**PROMPT**: Every line below must come back exactly as it stands, with the images omitted.

**INPUT DATA**:
- Opening Delimiter -

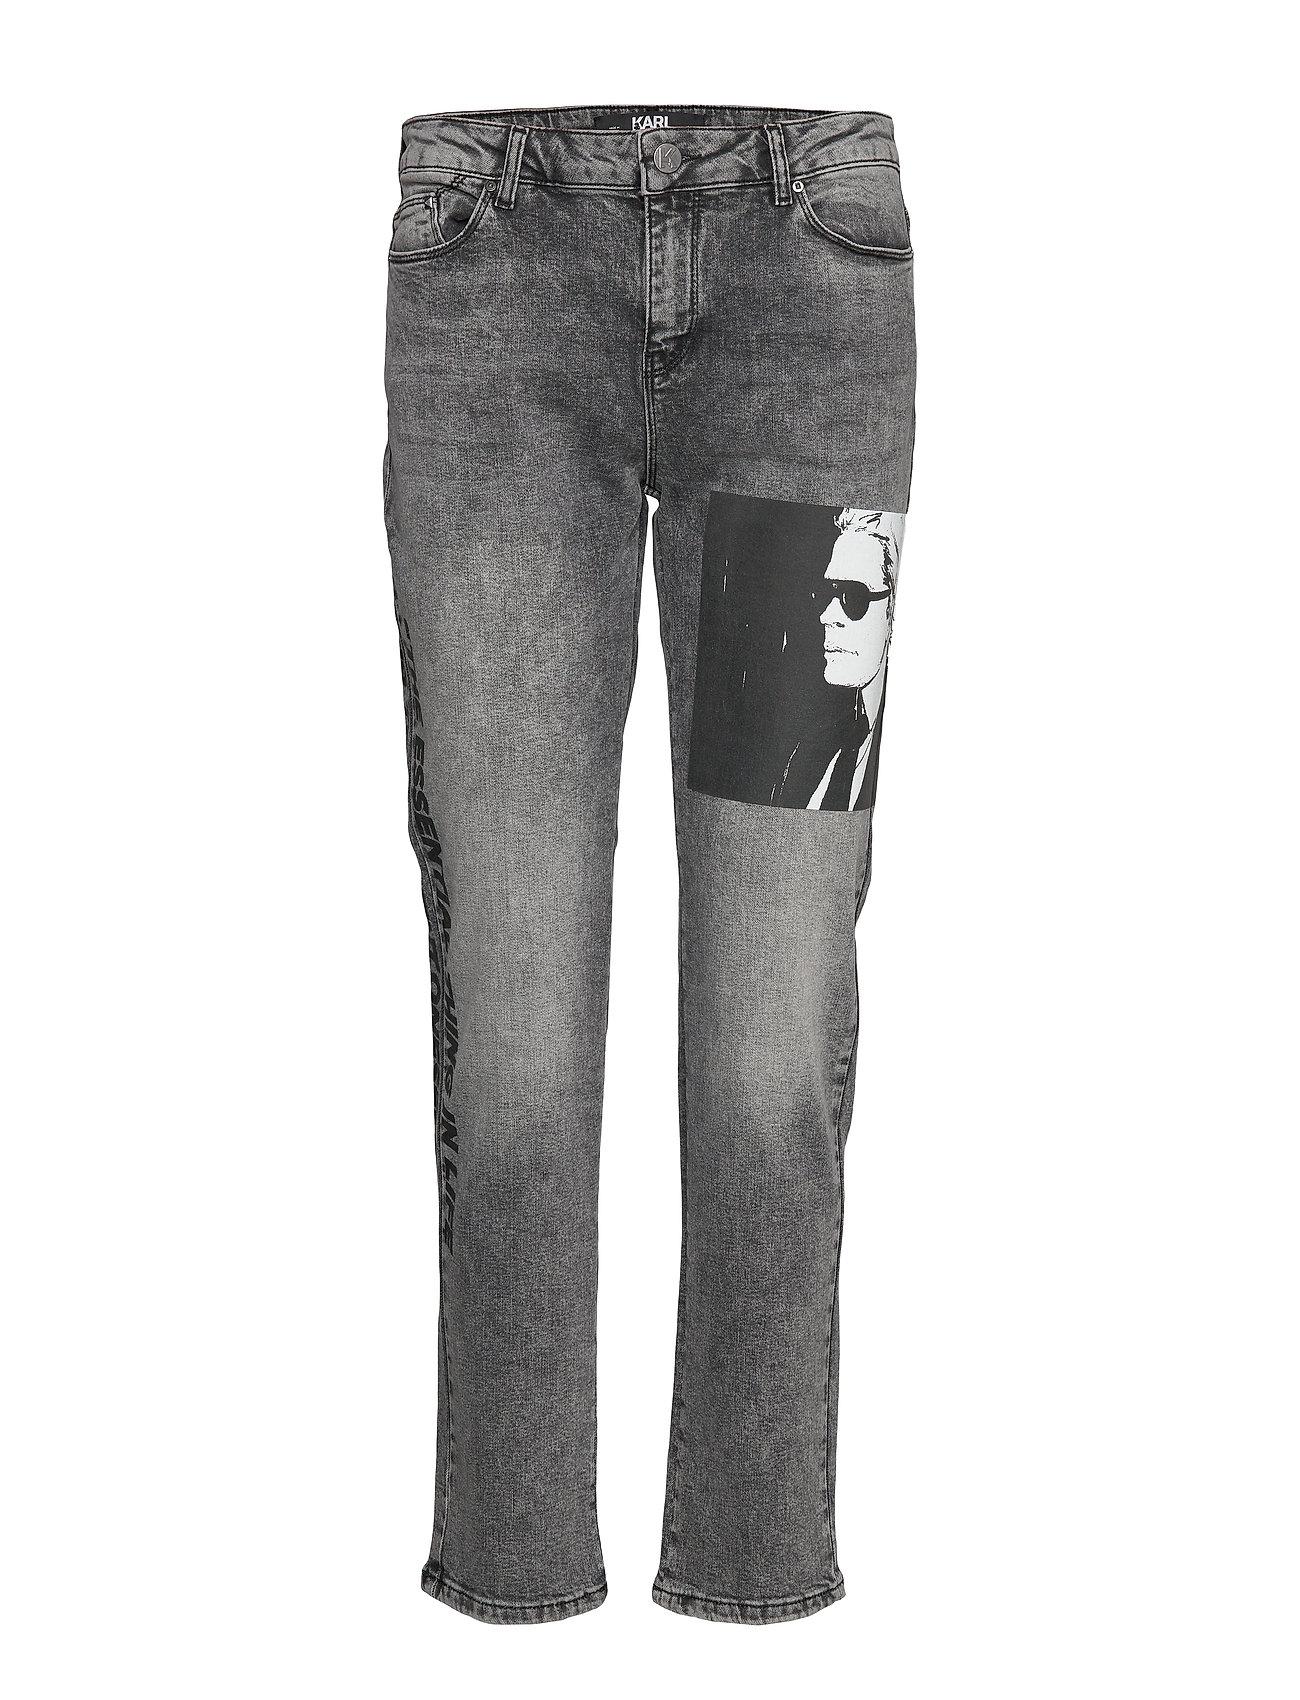 Karl Lagerfeld Karl Legend Printed Denim - GREY DENIM
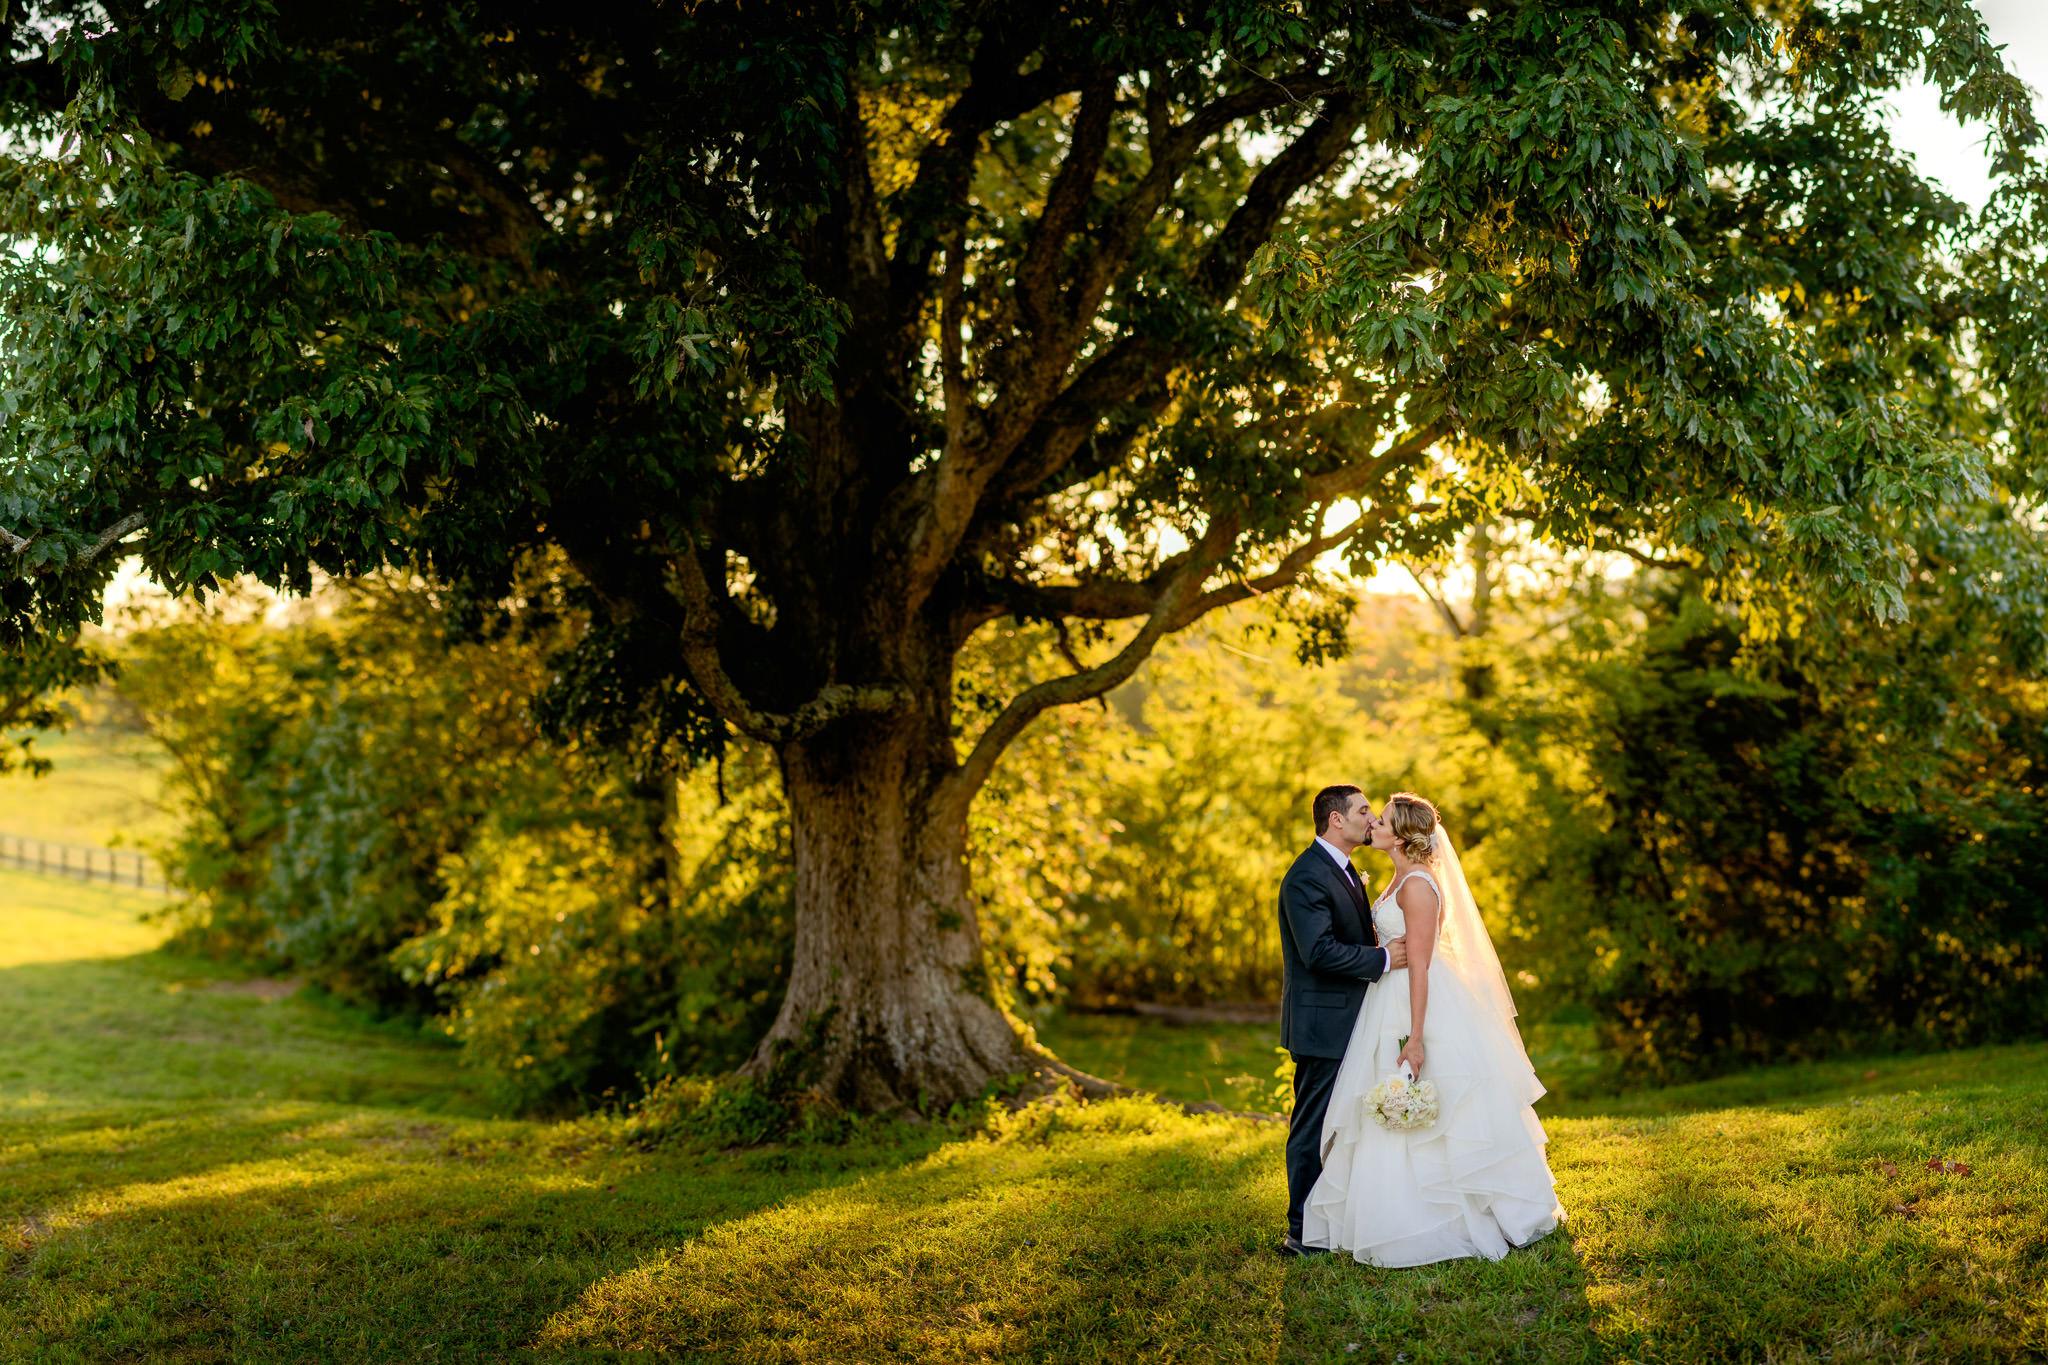 Greg and Jess Photography Nashville Portrait and Wedding Photographer 51.jpg
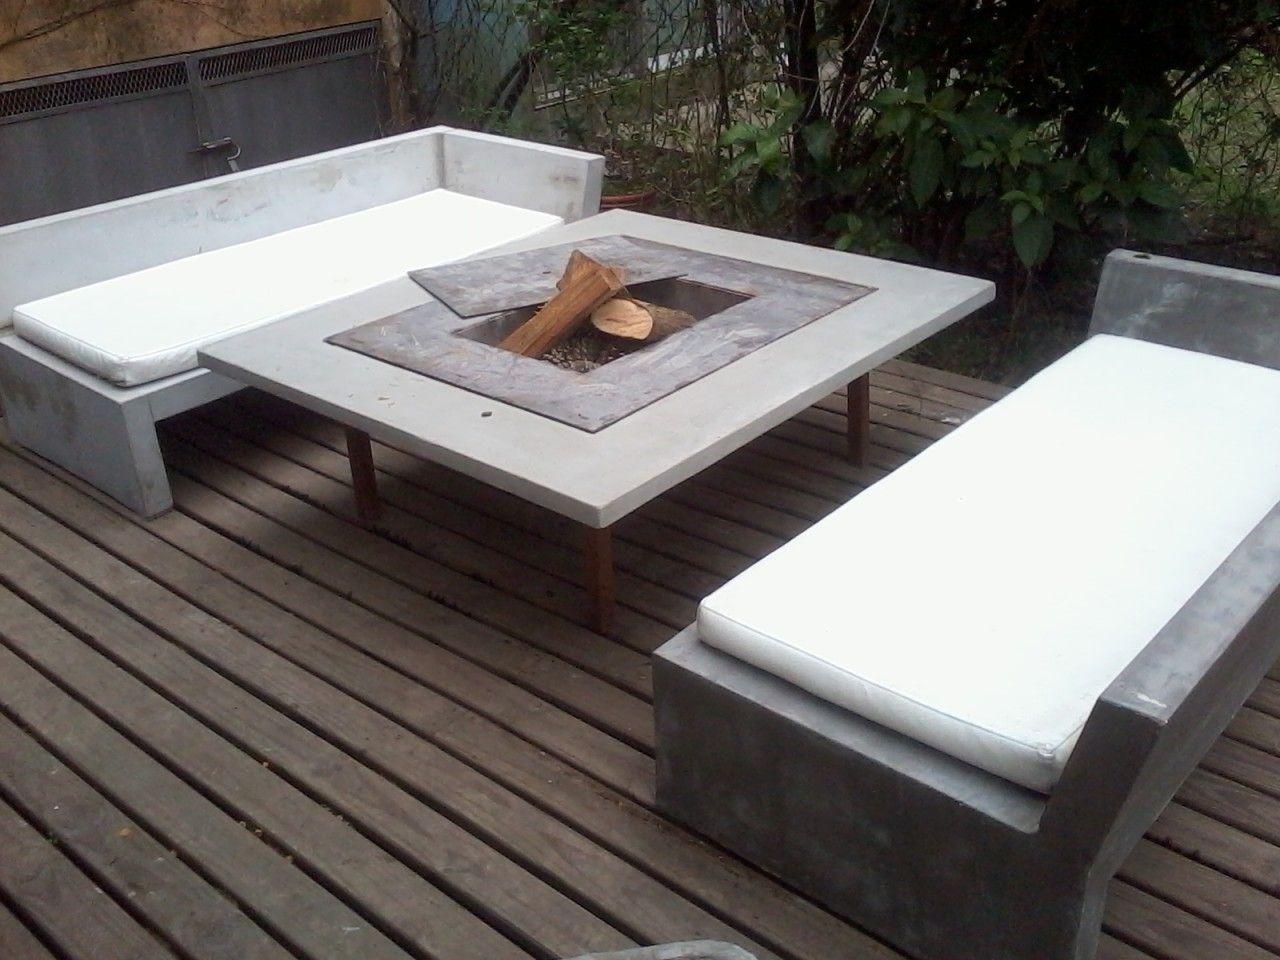 Muebles Cemento Para Jardin - Mesas Ratonas Exterior Cemento Buscar Con Google Decoracion [mjhdah]https://s-media-cache-ak0.pinimg.com/originals/fe/d6/f2/fed6f21ae5dd1b4583e8cadfb9c0b48a.jpg

- Closing Delimiter -

**OUTPUT**:
 Karl Lagerfeld Karl Legend Printed Denim - GREY DENIM
 Greg and Jess Photography Nashville Portrait and Wedding Photographer 51.jpg
 Muebles Cemento Para Jardin - Mesas Ratonas Exterior Cemento Buscar Con Google Decoracion [mjhdah]https://s-media-cache-ak0.pinimg.com/originals/fe/d6/f2/fed6f21ae5dd1b4583e8cadfb9c0b48a.jpg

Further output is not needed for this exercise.